On Fri, 2008-10-17 at 12:26 -0300, Alvaro Herrera wrote:
> So this discussion died with no solution arising to the
> hint-bit-setting-invalidates-the-CRC problem.
>
> Apparently the only solution in sight is to WAL-log hint bits. Simon
> opines it would be horrible from a performance standpoint to WAL-log
> every hint bit set, and I think we all agree with that. So we need to
> find an alternative mechanism to WAL log hint bits.

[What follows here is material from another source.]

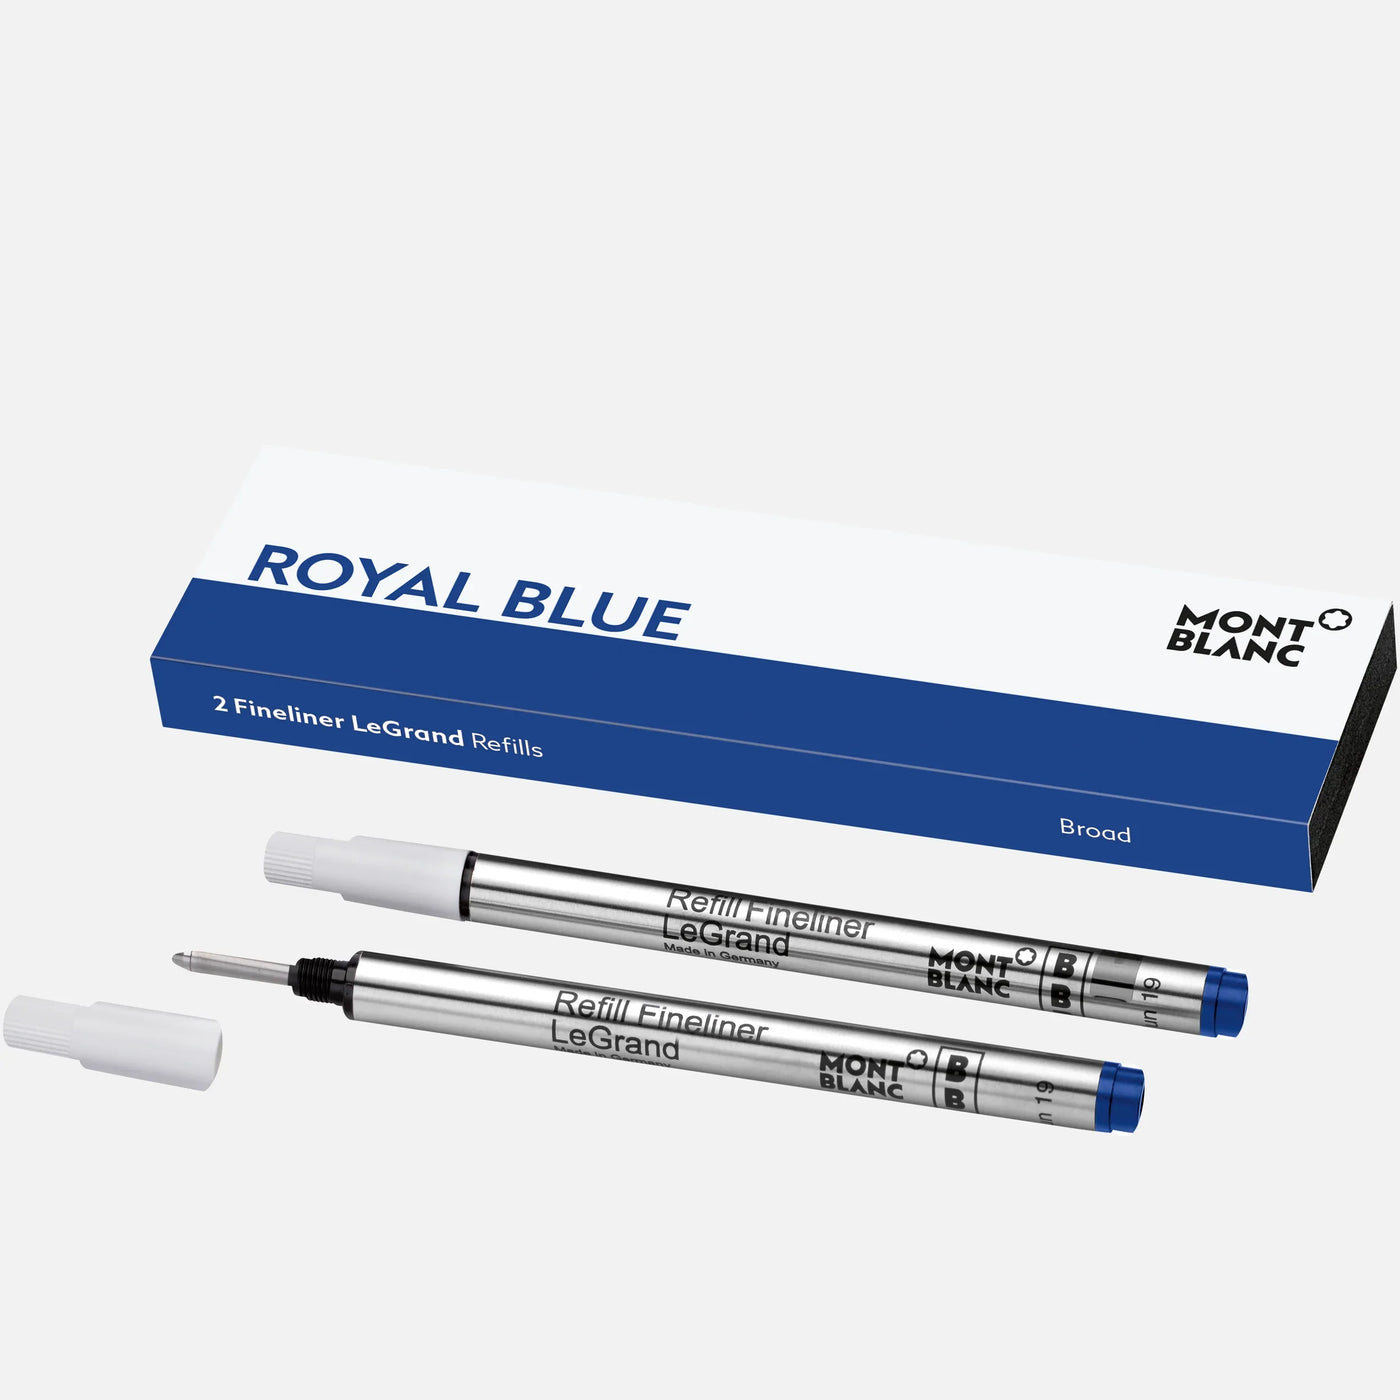 Montblanc Royal Blue 2 Fineliner LeGrand Refills - Broad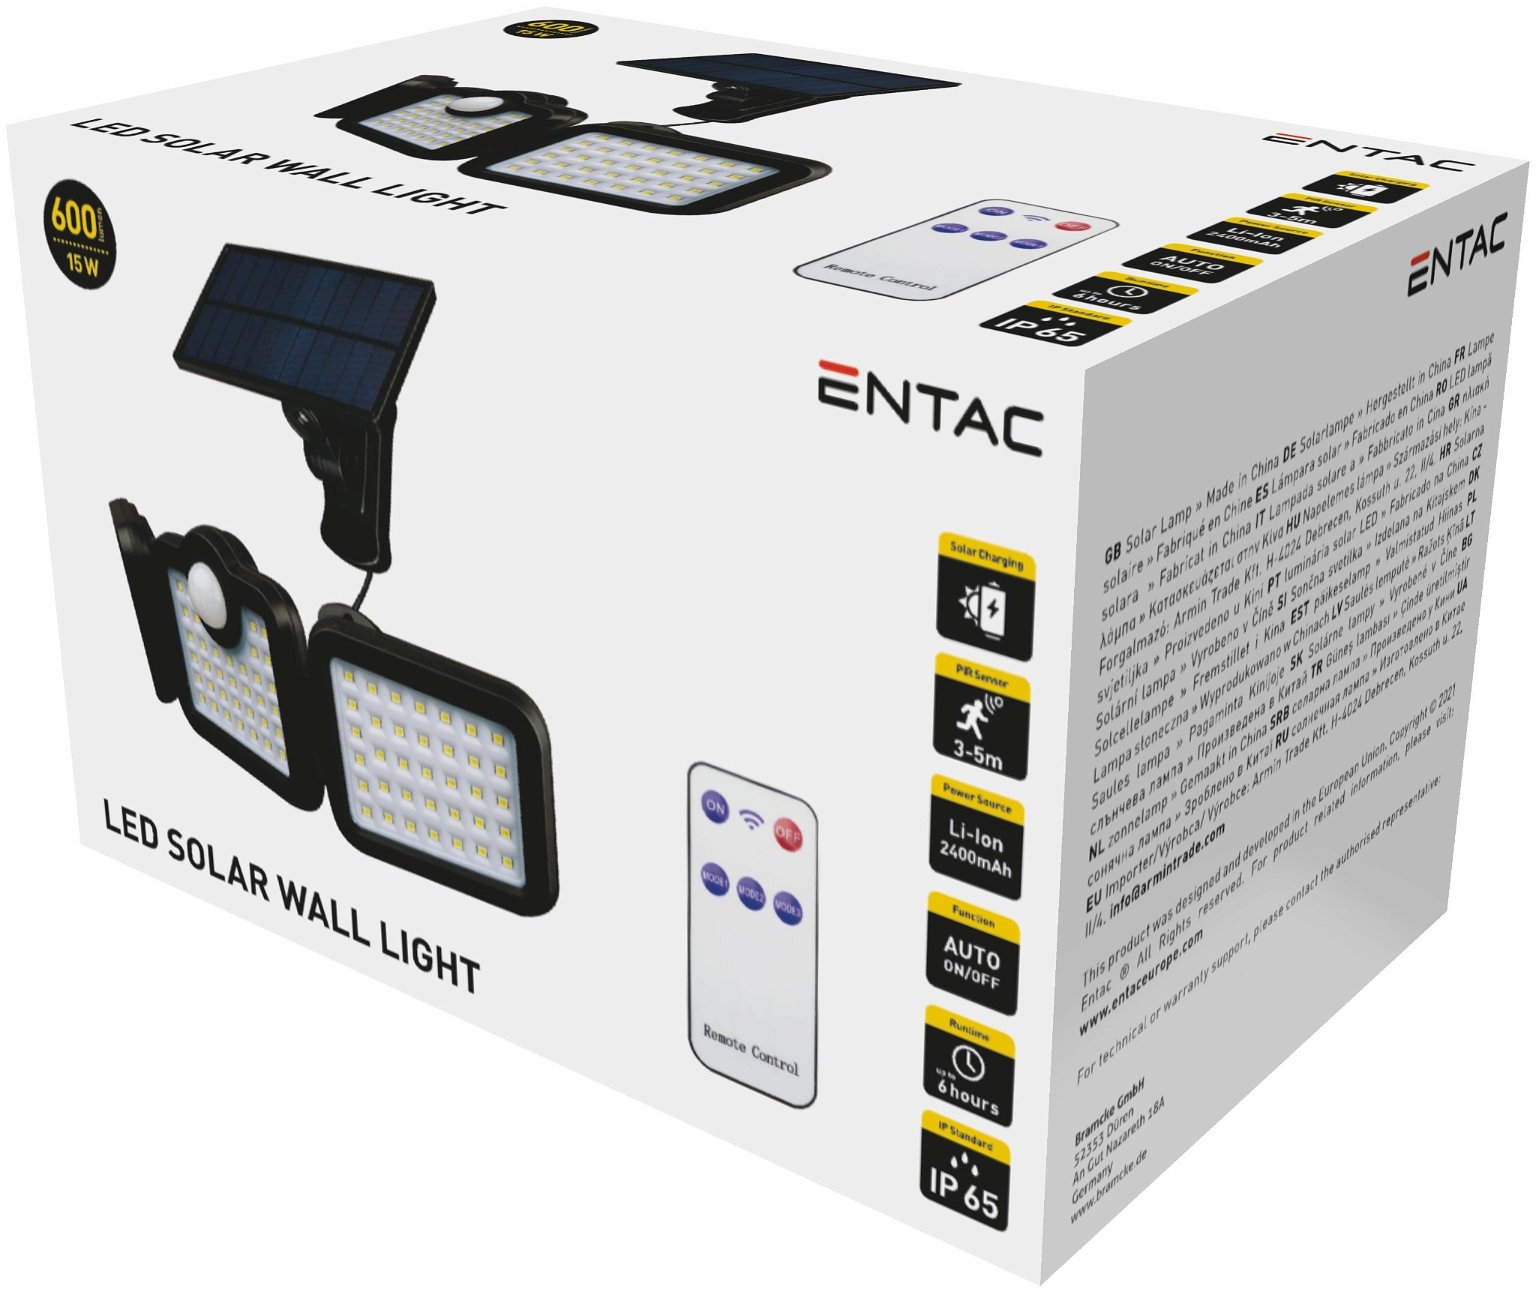 LED lauko prožektorius ENTAC Solar, įkraunamas saulės energija, 15W, su pulteliu - 3

It occurred to me that maybe we don't need to WAL-log the CRC checks.
Proposal
* We reserve enough space on a disk block for a CRC check. When a dirty
block is written to disk we calculate and annotate the CRC value, though
this is *not* WAL logged.
* In normal running we re-check the CRC when we read the block back into
shared_buffers.
* In recovery we will overwrite the last image of a block from WAL, so
we ignore the block CRC check, since the WAL record was already CRC
checked. If full_page_writes = off, we ignore and zero the block's CRC
for any block touched during recovery. We do those things because the
block CRC in the WAL is likely to be different to that on disk, due to
hints.
* We also re-check the CRC on a block immediately before we dirty the
block (for any reason). This minimises the possibility of in-memory data
corruption for blocks.
So in the typical case all blocks moving from disk <-> memory and from
clean -> dirty are CRC checked. So in the case where we have
full_page_writes = on then we have a good CRC every time. In the
full_page_writes = off case we are exposed only on the blocks that
changed during last checkpoint cycle and only if we crash. That seems
good because most databases are up 99% of the time, so any corruptions
are likely to occur in normal running, not as a result of crashes.
This would be a run-time option.
Like it?
-- Simon Riggs www.2ndQuadrant.com